Comment by stego-tech
15 hours ago
There's multiple simultaneous narratives: the industry-wide one of slashing well-paid tech talent under the guise of AI productivity boosts, and what's actually going in at each company.
Cloudflare is an outlier because the company doesn't actually make money at present; their past three annual statements show net losses in the tens to hundreds of millions of dollars. Not hemorrhaging cash per se (their cash reserves alone could cover ~9 more years of losses), but still enough to warrant some cutbacks - and AI is the current scapegoat, thus they finger AI and throw folks out the door.
Coinbase's story is different: they're making good money, but their industry is inherently volatile. Again, recent volatility in the crypto markets related to...things...is dragging down long-term prospects for currencies, while ongoing trades are broadly just insiders doing insider things or exiting their positions for liquidity. Still, their share price is down 27% over 5 years and 18% YTD, so they also need to pump their share price so the executives get paid; layoffs are consistently rewarded by the shareholders, thus they axe part of their workforce for the bump and fingerpoint to AI.

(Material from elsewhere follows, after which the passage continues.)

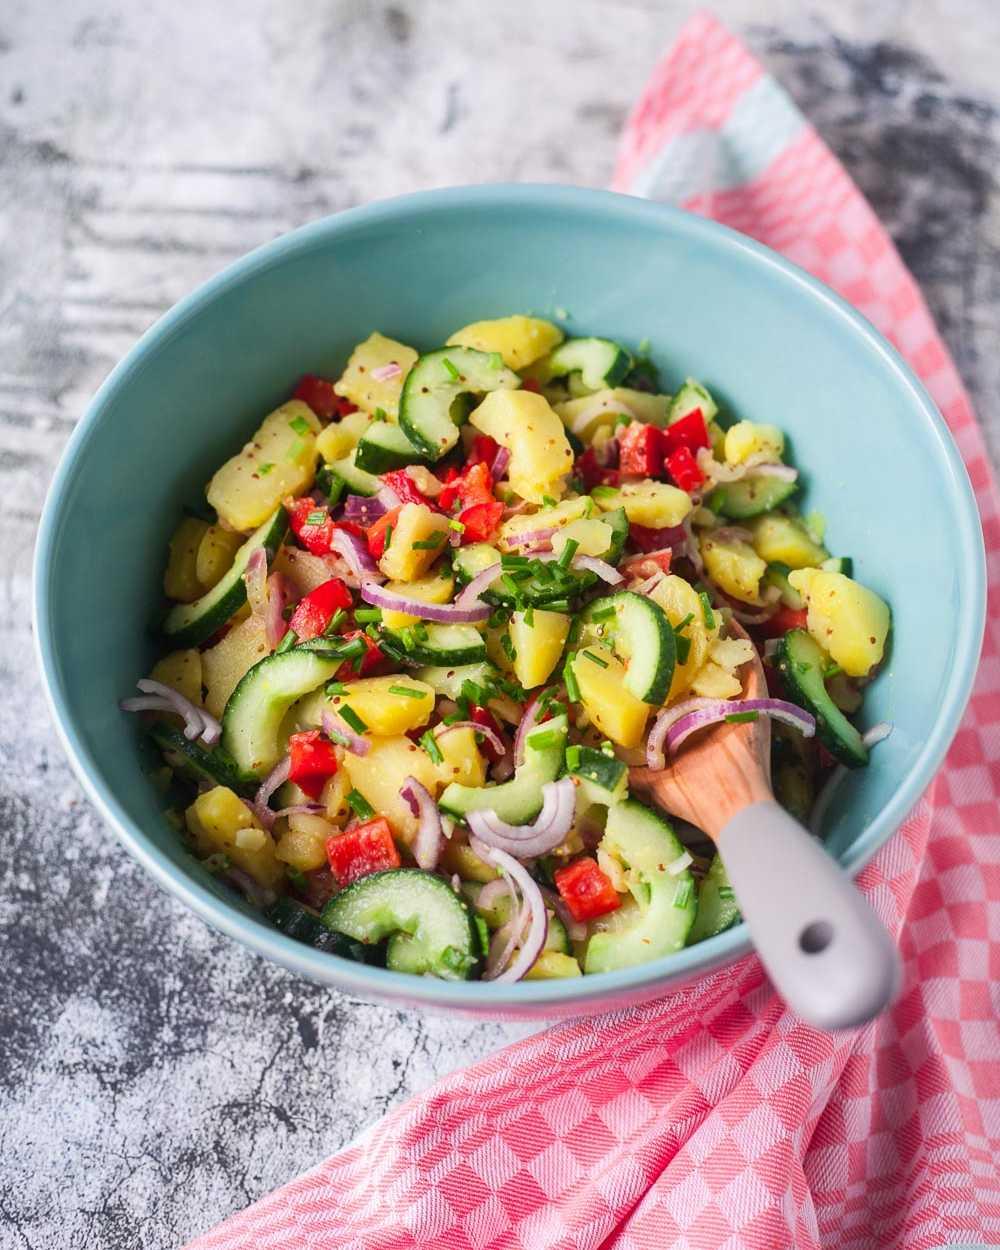 Bunter Kartoffelsalat mit Gurke und Paprika zum Steak oder Veggi-Bratling unter 500 Kalorien |GourmetGuerilla.de

Never take what a company says at face value, and always check their balance sheets. What Cloudflare did sucks but could be warranted to some degree; what Coinbase did has no justification whatsoever beyond naked greed.
> Cloudflare is an outlier because the company doesn't actually make money at present; their past three annual statements show net losses in the tens to hundreds of millions of dollars.
Their free cashflow is high; they're choosing not to report a profit. I don't think it's useful/accurate to say they don't make money.
Don't get me wrong, they may be doing a layoff to boost margins or enter GAAP profitability but the company revenue exceeds its operating cost by quite a bit.
See in their latest quarterly report: https://cloudflare.net/news/news-details/2026/Cloudflare-Ann...
> First quarter revenue totaled $639.8 million, representing an increase of 34% year-over-year
So they're growing 34% annually.
> Free cash flow was $84.1 million, or 13% of revenue, compared to $52.9 million, or 11% of revenue, in the first quarter of 2025. Cash, cash equivalents, and available-for-sale securities were $4,163.9 million as of March 31, 2026.
...and they have $84 million free cash flow in one quarter, and it's consistently pretty good cashflow.
And they have $4b of cash or cash equivalents stockpiled. It seems pretty healthy to me.
Its quite filthy but it benefits them all to lay off lots of people to reset the wage rate in the market... Im sure we will see a wave of re-hiring when this stuff starts to blow over but many initially will be at a much lower wage rate.